Directions for this task
Line by line, retype the material exactly and leave each picture out.

[[ Supplied data open ]]

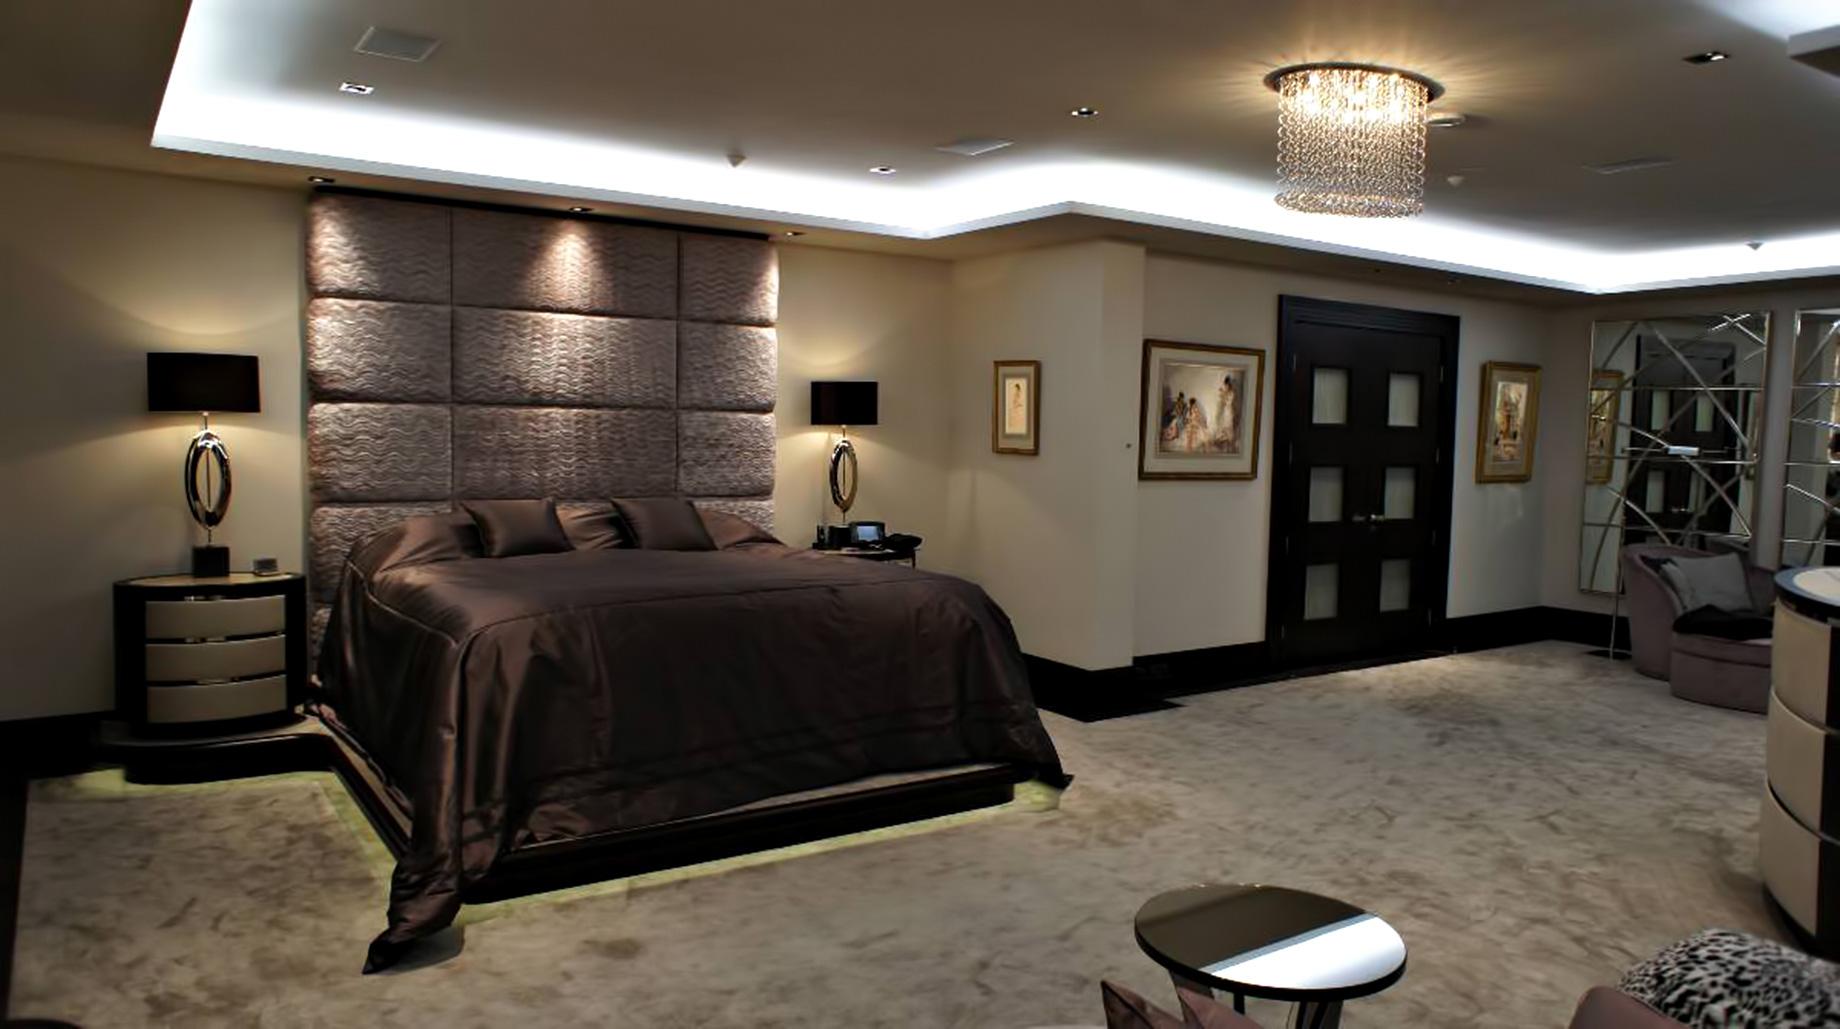 12 Templewood Avenue Residence – Hampstead, London, England, UK
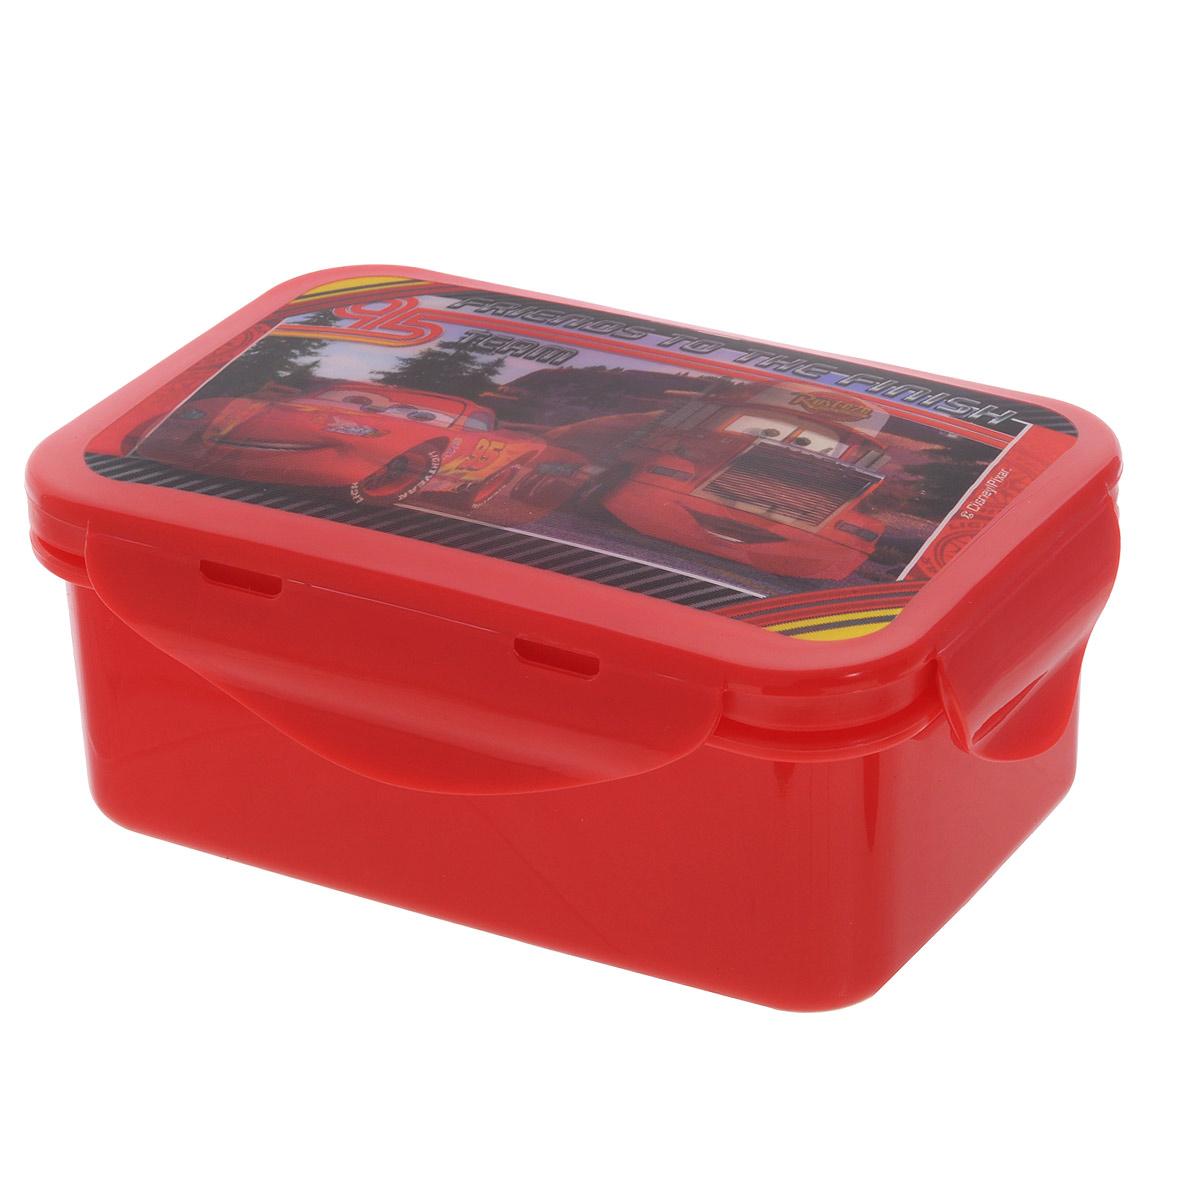 Бутербродница Disney Тачки, цвет: красный, 15 см х 10 см х 6 см722C2VБутербродница Disney Тачки выполнена из высококачественного пищевого пластика, что очень удобно и безопасно для детей, так как пластик не бьется. Крышка оформлена объемным изображением героев мультфильма Тачки, которое меняется под разным углом зрения. Крышка плотно закрывается на 4 защелки, а благодаря силиконовой прослойке дольше сохраняет пищу свежей и вкусной. Контейнер имеет прямоугольную форму, идеально подходит для бутербродов, салатов и закусок. Такая бутербродница позволит перекусить любимым домашним бутербродом где угодно: в школе, в походе, поездке, на пикнике. Не занимает много места и легко помещается в любую сумку. Нельзя использовать в СВЧ и мыть в посудомоечной машине. Изготовлено по лицензии Walt Disney.
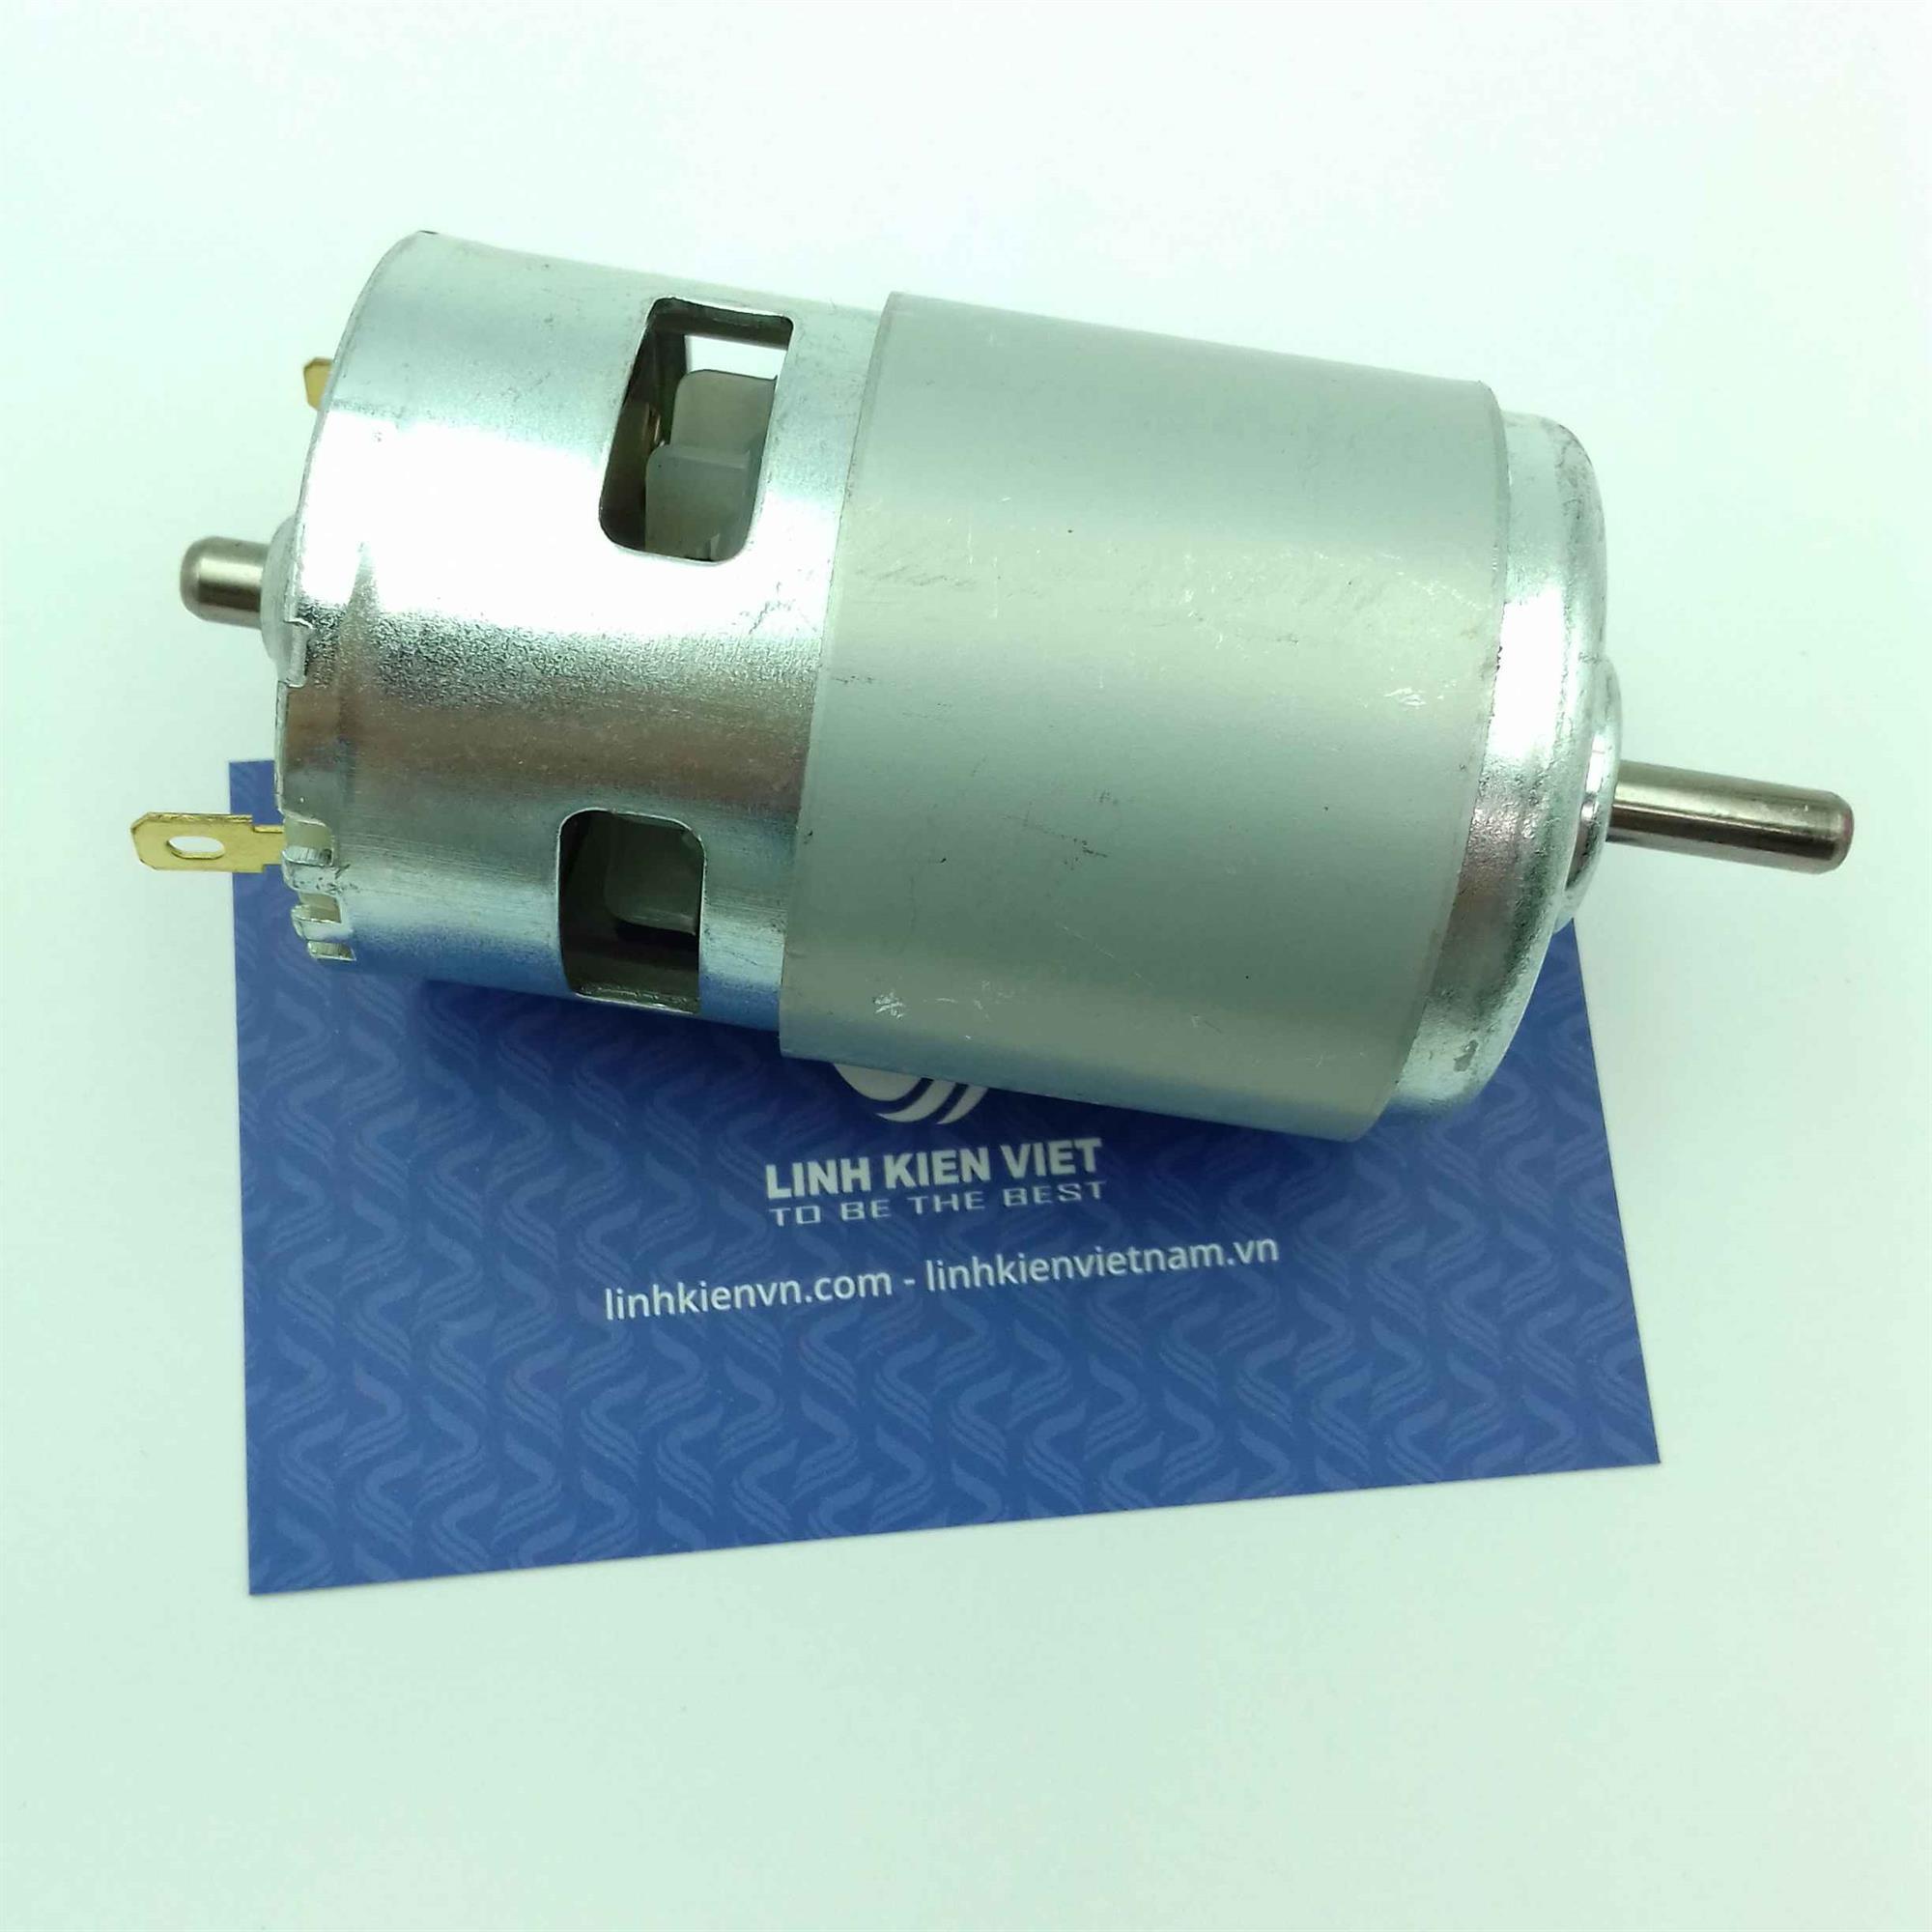 Động cơ 775 1 đầu 12V 18000 rpm 150W siêu mạnh -

[[ Supplied data closed ]]

Solved problem
 12 Templewood Avenue Residence – Hampstead, London, England, UK
 Бутербродница Disney Тачки, цвет: красный, 15 см х 10 см х 6 см722C2VБутербродница Disney Тачки выполнена из высококачественного пищевого пластика, что очень удобно и безопасно для детей, так как пластик не бьется. Крышка оформлена объемным изображением героев мультфильма Тачки, которое меняется под разным углом зрения. Крышка плотно закрывается на 4 защелки, а благодаря силиконовой прослойке дольше сохраняет пищу свежей и вкусной. Контейнер имеет прямоугольную форму, идеально подходит для бутербродов, салатов и закусок. Такая бутербродница позволит перекусить любимым домашним бутербродом где угодно: в школе, в походе, поездке, на пикнике. Не занимает много места и легко помещается в любую сумку. Нельзя использовать в СВЧ и мыть в посудомоечной машине. Изготовлено по лицензии Walt Disney.
 Động cơ 775 1 đầu 12V 18000 rpm 150W siêu mạnh -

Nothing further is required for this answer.